COUNTY AND CITY PLANNING

NEW SECTION. Sec. Purpose. The purpose of sections ___ through ___ of this chapter is to provide a coordinated decision-making process for issues of greater than local concern that require resolution between multiple parties. The coordinated decision-making process is intended to encourage shared governance between the state government and local governments. It is designed to ensure that state interests in environmental and land-use matters are discussed and negotiated in a coordinated fashion. It is also designed to ensure that when local governments cannot make timely and consensus decisions that a default decision-maker has been designated. State government should work to develop incentives to ensure that coordinated decision-making is a successful method for resolving complex environmental and land-use issues.

The process can be used by local governments for setting policies and regulations or for negotiating issues related to projects and siting essential public facilities.

The coordianted decision-making process can also be used to develop standards, guidelines, or rules to replace state standards, guidelines, or rules for the subject matters identified in section ___ of this act. Rules developed through this process shall be adopted with state participation consistent with the requirements of this chapter and with the Administrative Procedures Act.
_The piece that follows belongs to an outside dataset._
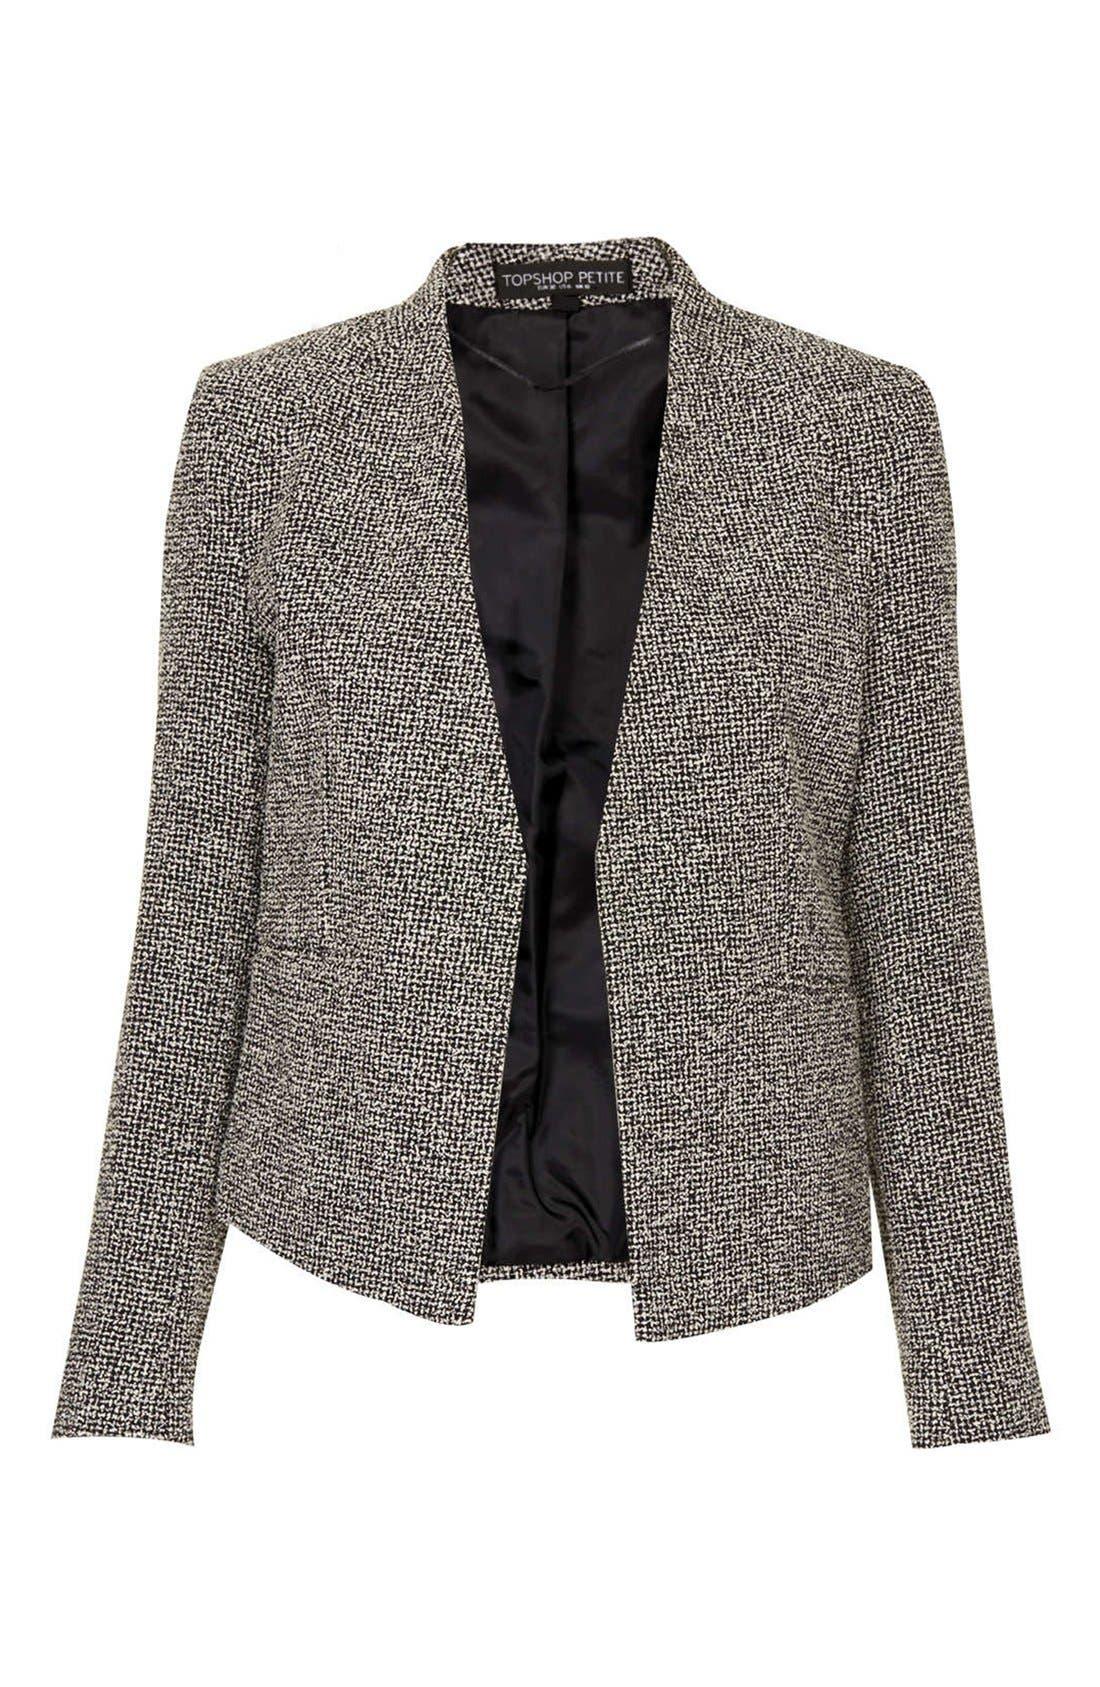 Alternate Image 3  - Topshop 'Bonnie' Collarless Textured Blazer (Petite)
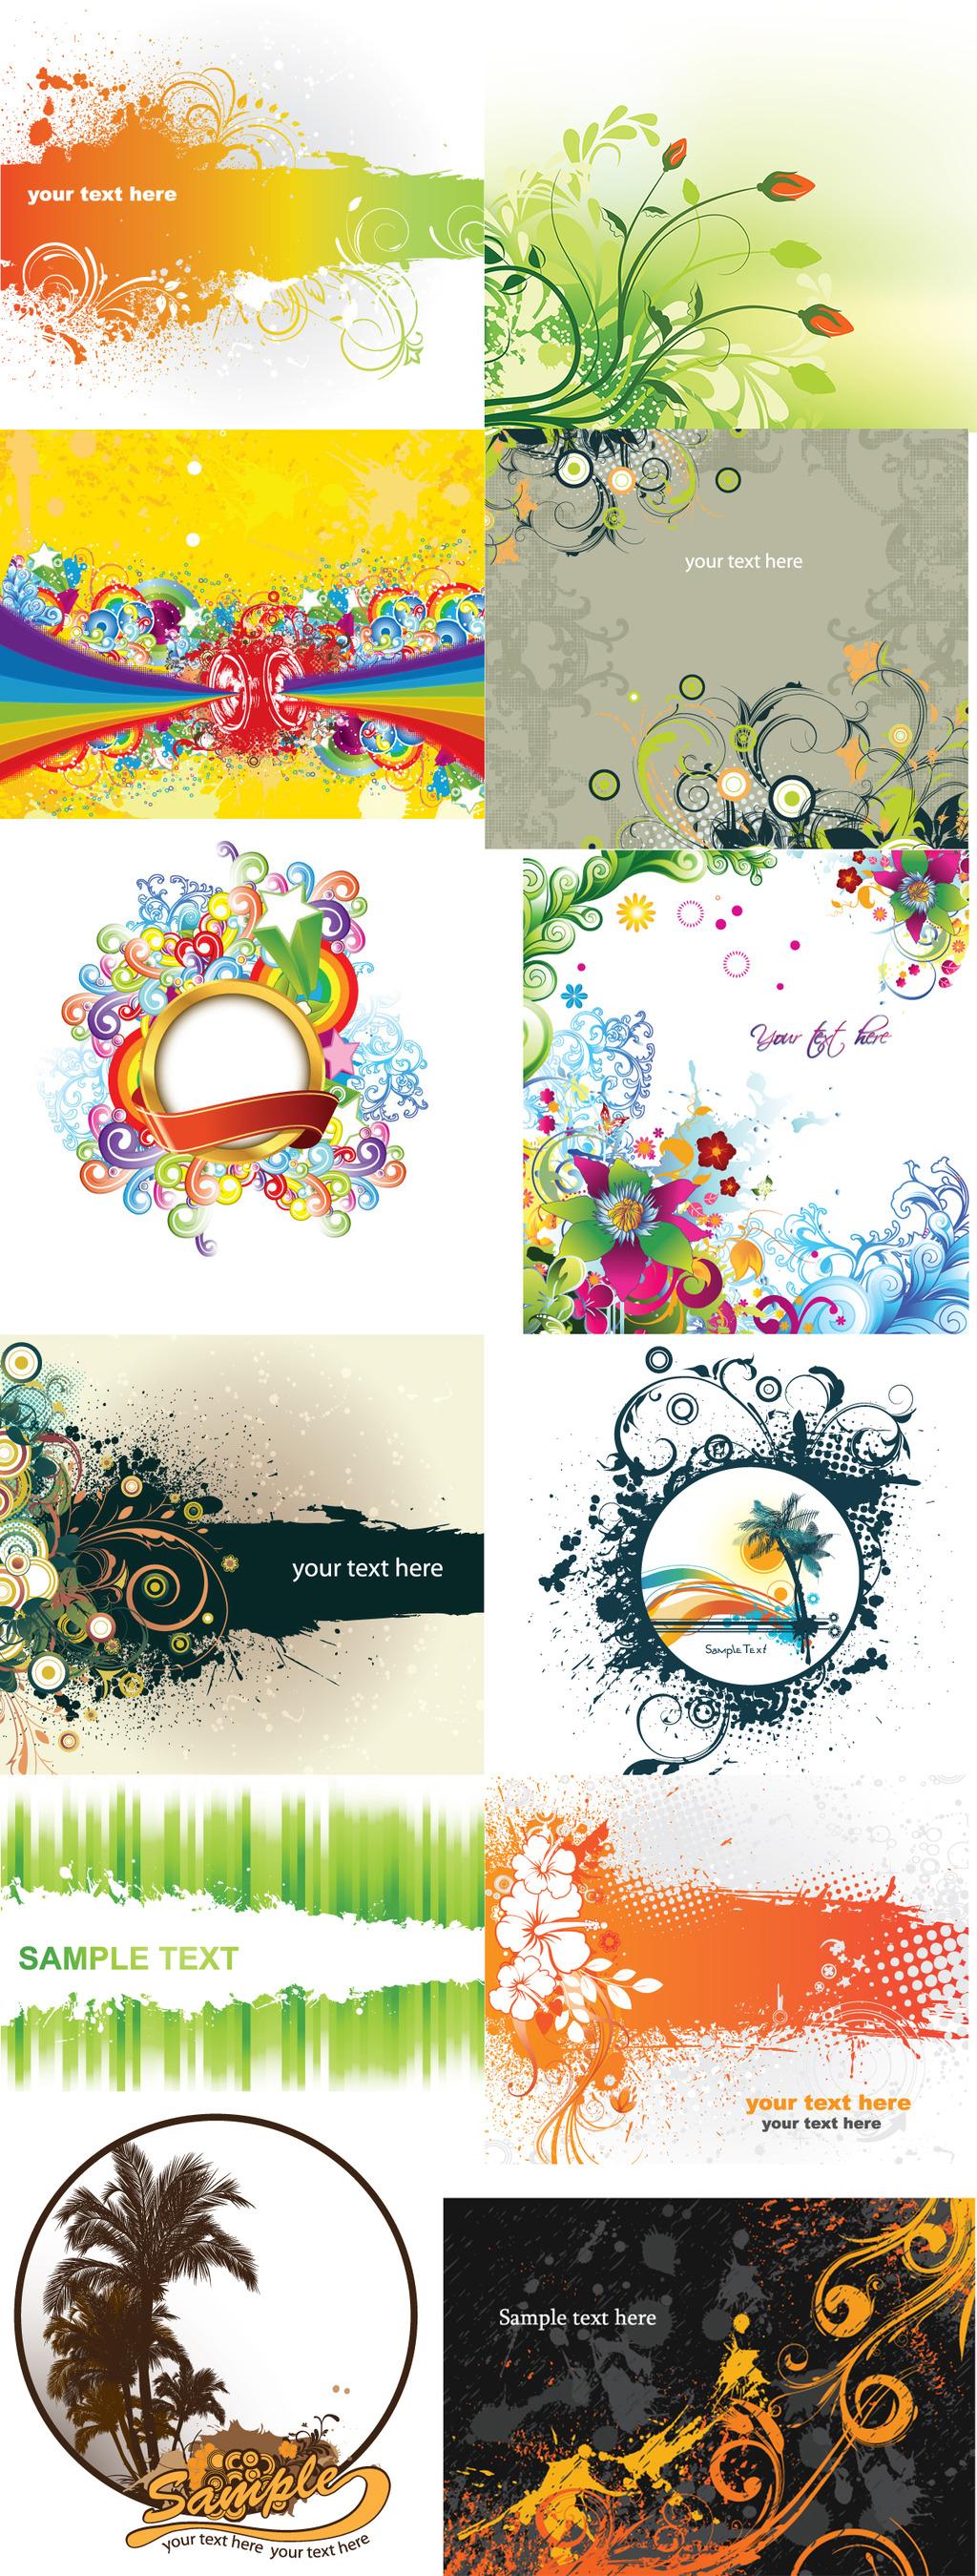 欧式手绘七彩彩色绚丽花纹eps矢量图

A local government may initiate an alternative coordinated decision-making process. An alternative process shall provide a mechanism for state agencies and tribes to provide input and guidance to local governments during the coordinated decision-making process.

Management Boards

NEW SECTION. Sec. (1) The legislative body of one or more adjoining counties or cities may establish a management board to establish standards for:

(a) Critical areas regulated under chapter 36.70A RCW;

(b) Total maximum daily loads under the federal clean water act;

(c) ;and

(d) .

(2) A management board may be established by:

(a) A county-wide planning policy adopted pursuant to chapter 36.70A RCW;

(b) Agreement of the participants in a regional transportation planning organization established pursuant to chapter 47.80 RCW; or

(c) The procedures provided in subsection (3) of this section.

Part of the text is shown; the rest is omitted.